A new king and the new Constitution

A vacancy of the throne for a week is not a thing that has ever happened before in the constitutional rule in Thailand. Bhumibol was elected as King on the same day that the brother of his, Ananda Mahidol, Rama VIII, was found dead in his bedroom on June 9, 1946.

Ananda’s inauguration as King was the same as on the day that his predecessor had abdicated the reigns – even though the King was only a boy of ten and was living abroad at the time.

Mom Sangwal Mahidol Na Ayudhya, along with Princess Galyani Vadhana as well as Prince Ananda Mahidol and Prince Bhumibol Adulyadej in 1929.

“The King is dead. Long live the King.’

In the wake of Bhumibol’s passing In the wake of his death, the Premier Minister of Thailand, General Prayuth Chan-Ocha, declared live on television, “The King has died.
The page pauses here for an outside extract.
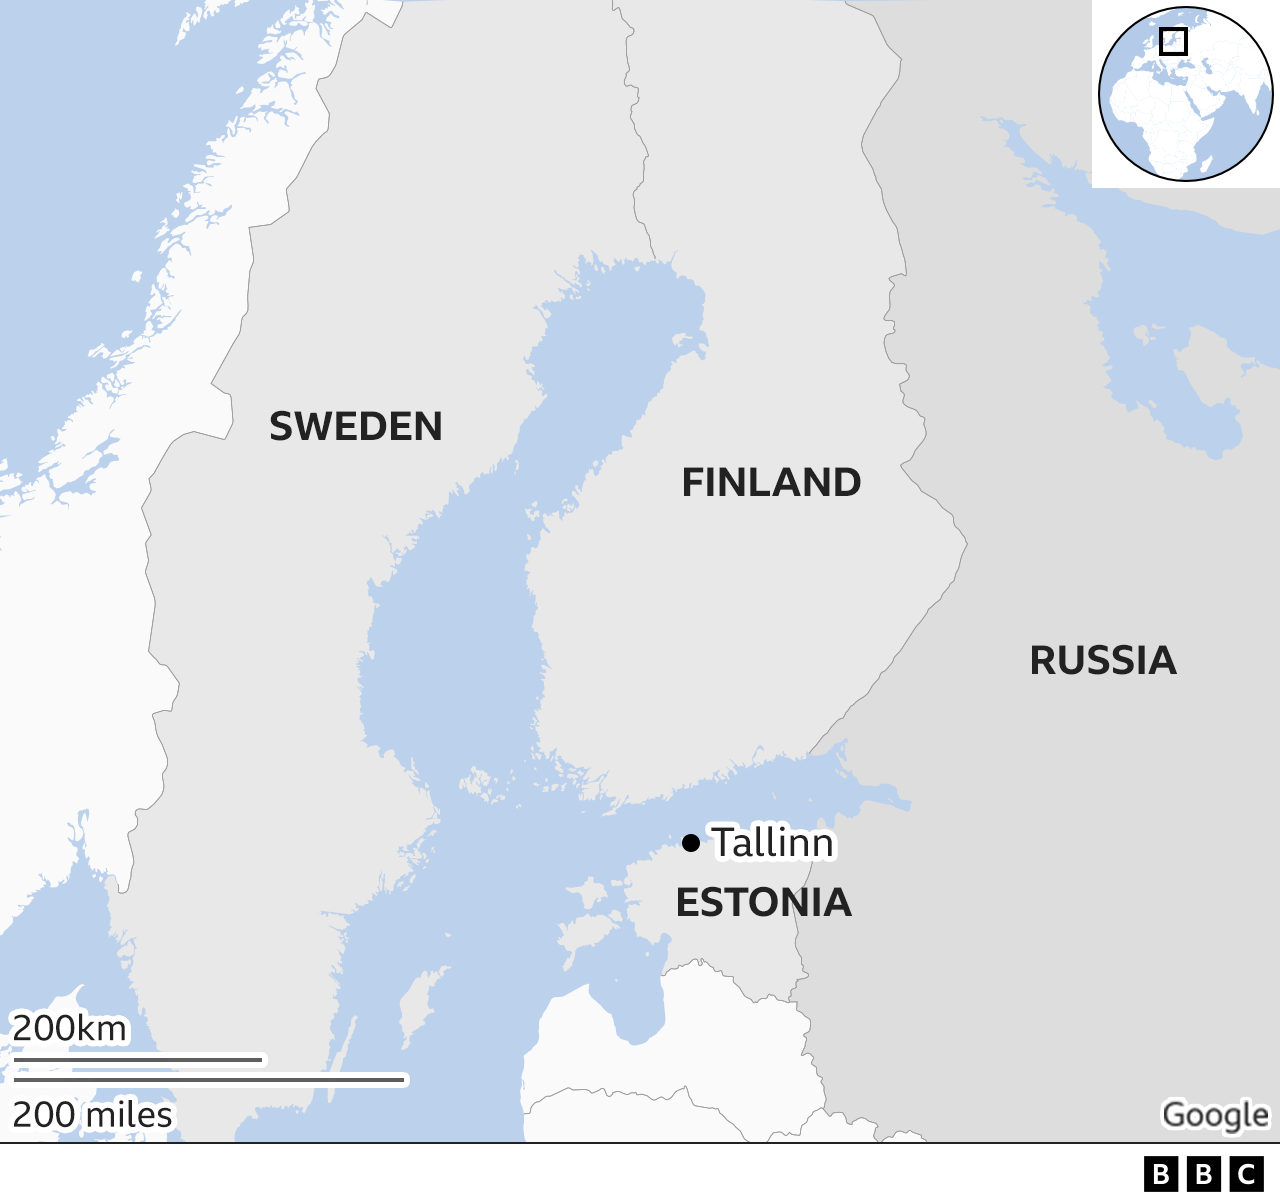 Map showing Estonia, Russia, Finland and Sweden

Long live the King”. This formula is unusual for Thailand and is a direct reinterpretation of that of the Western concept of two bodies of the King. It was established in the middle of the Middle Ages to consolidate the monarchy’s legitimacy.
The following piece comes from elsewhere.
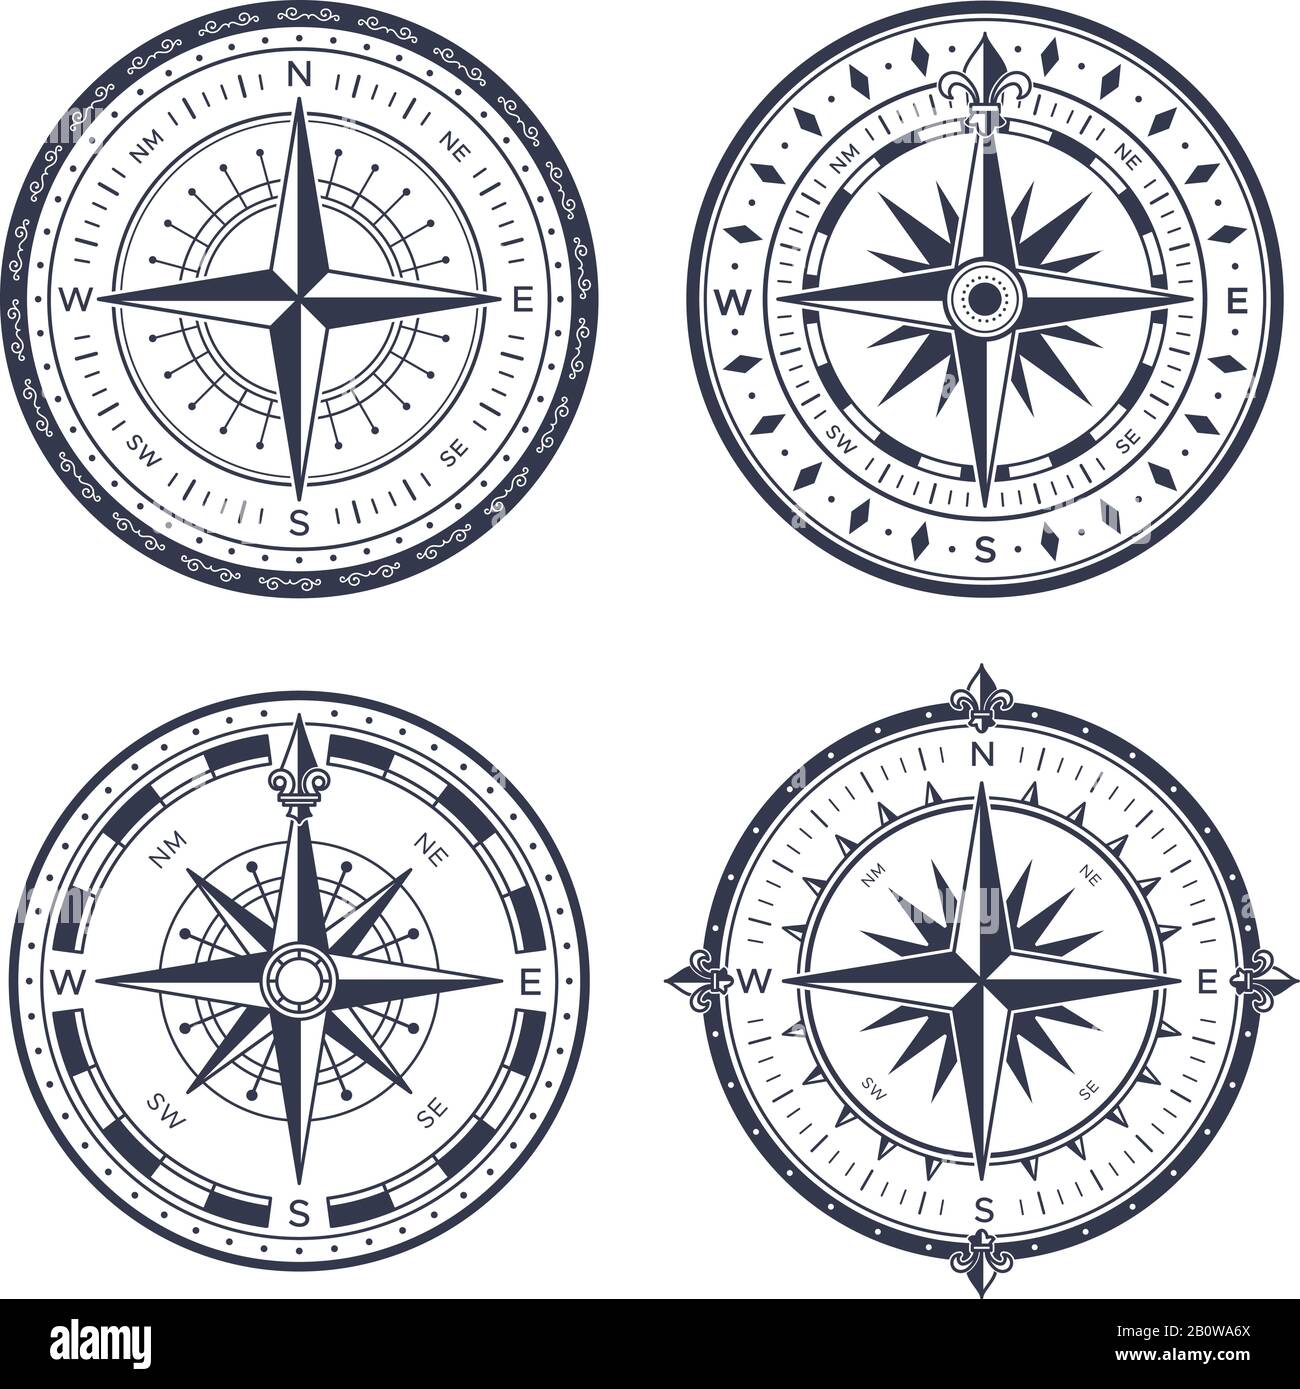 Vintage sea compass. Retro east and west, north and south arrows. Navigation compasses with rose of wind isolated vector set Stock Vector

If Prayuth Chan-Ocha employed this anachronistic phrase to describe the situation, it was because it was necessary to prove that Crown Prince Vajiralongkorn would be able to ascend to the throne under the name of Rama X. Prayuth was trying to dispel any notion of the possibility that the Crown Prince might be excluded from this succession procedure.

A constitutional crisis

Succession appeared to be in control. However, when Prayuth was given an audience with Vajiralongkorn and Vajiralongkorn, the latter was unable to accept the title of King, insisting that the King needed time. This resulted in a vacancy in power and created the President of the Privy Council, Prem Tinsulanonda, an automatic regent.

Regents are the representatives of the King in the event of his absence or incapacitation, and all the royal powers are ruled through the regent. In the past, however, in the history of Thailand, there’s never been a regent who wasn’t the monarch. Particularly striking in the current scenario is Prem’s distrust of Vajiralongkorn, which is well-known.

The confusion surrounding Vajiralongkorn’s ascension is a sign of a further erosion of the importance of law in a nation that has repeatedly been in violation of its rules and revoked many of its constitutions during coups supported by the monarchy.

Since the demise of absolute rule in Thailand in 1932, There have been 13 successful coups of Egypt along with 20 Constitutions. A constitution typically is valid for 4.5 years, and there’s one coup every 6.5 years.

Royal constitutional duties

We often forget that, even in a constitutional monarchy, there are plenty of obligations that a king has under the Constitution, including the act of ratifying legislation being one of the most evident.

With duties comes constitutional powers. Most are contained within the Constitution, for example, the right to veto legislation, but there are also more conventional “rights,” such as the right to consult in order to promote and be a warning. This formula was developed in the work of Walter Bagehot in his seminal work, published in 1867. the English Constitution.

Thai legal experts, like Bowornsak Uwanno, employed Bowornsak Uwanno’s English principle and effectively applied it in the Thai monarchy. King Bhumibol and his cronies extensively utilized these traditional powers to the extent that the King was able to create his crisis powers through various political maneuvers that were less controversial as compared to others.